Sunday, January 19, 2025

Castle Freak (1995) ***1/2

 


The story of how “Castle Freak” came to be is a funny one. Director Stuart Gordon ("Re-Animator" "From Beyond") was supposedly in horror producer Charles Band's office and noticed a poster with the title “Castle Freak.” Band had no script at that point, just the concept and the artwork. He offered to let Gordon develop the idea on two conditions: it had to have a castle, and it had to have a freak. With some inspiration from H.P. Lovecraft's story “The Outsider,” Gordon and his longtime collaborator Dennis Paoli came up with a script.

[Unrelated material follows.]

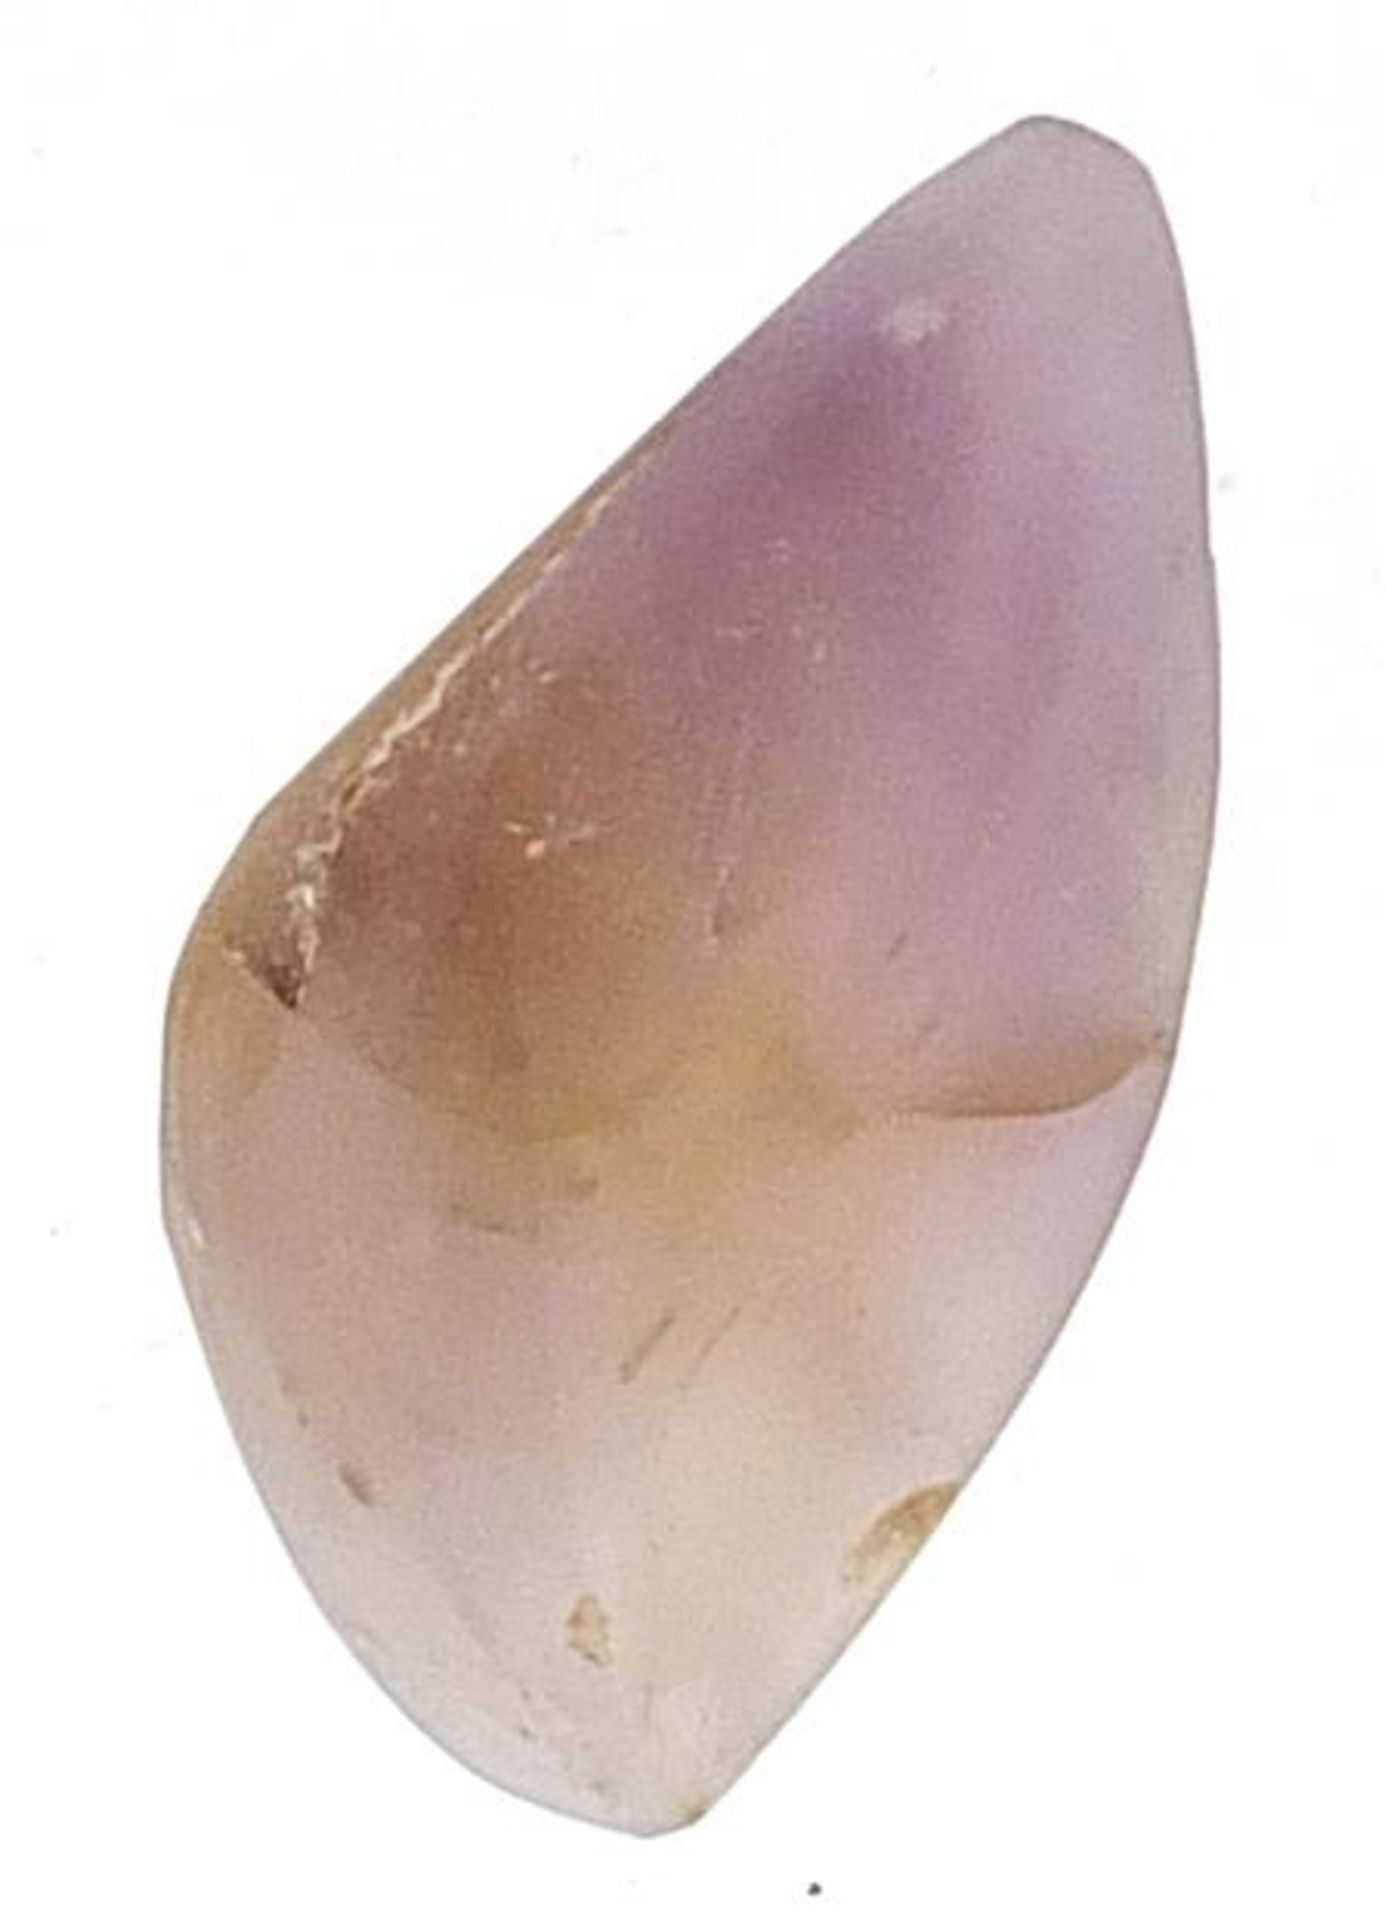 Fancy cut amethyst gemstone with certificate, approximately 57.200 carat - Image 2 of 3

Jeffrey Combs plays John Reilly, who inherits an Italian castle. He, his wife Susan (Barbara Crampton), and daughter Rebecca (Jessica Dollarhide) travel to stay at John's new demesnes and take inventory, only to find that the castle hides a horrible secret. It isn't only the castle that is haunted. John, a recovering alcoholic, turns out to have crashed the family car months earlier, killing their son and blinding Rebecca. The estranged husband and wife deal with their grief and anger, Rebecca deals with her disability, and all of them are stalked by a horrible presence.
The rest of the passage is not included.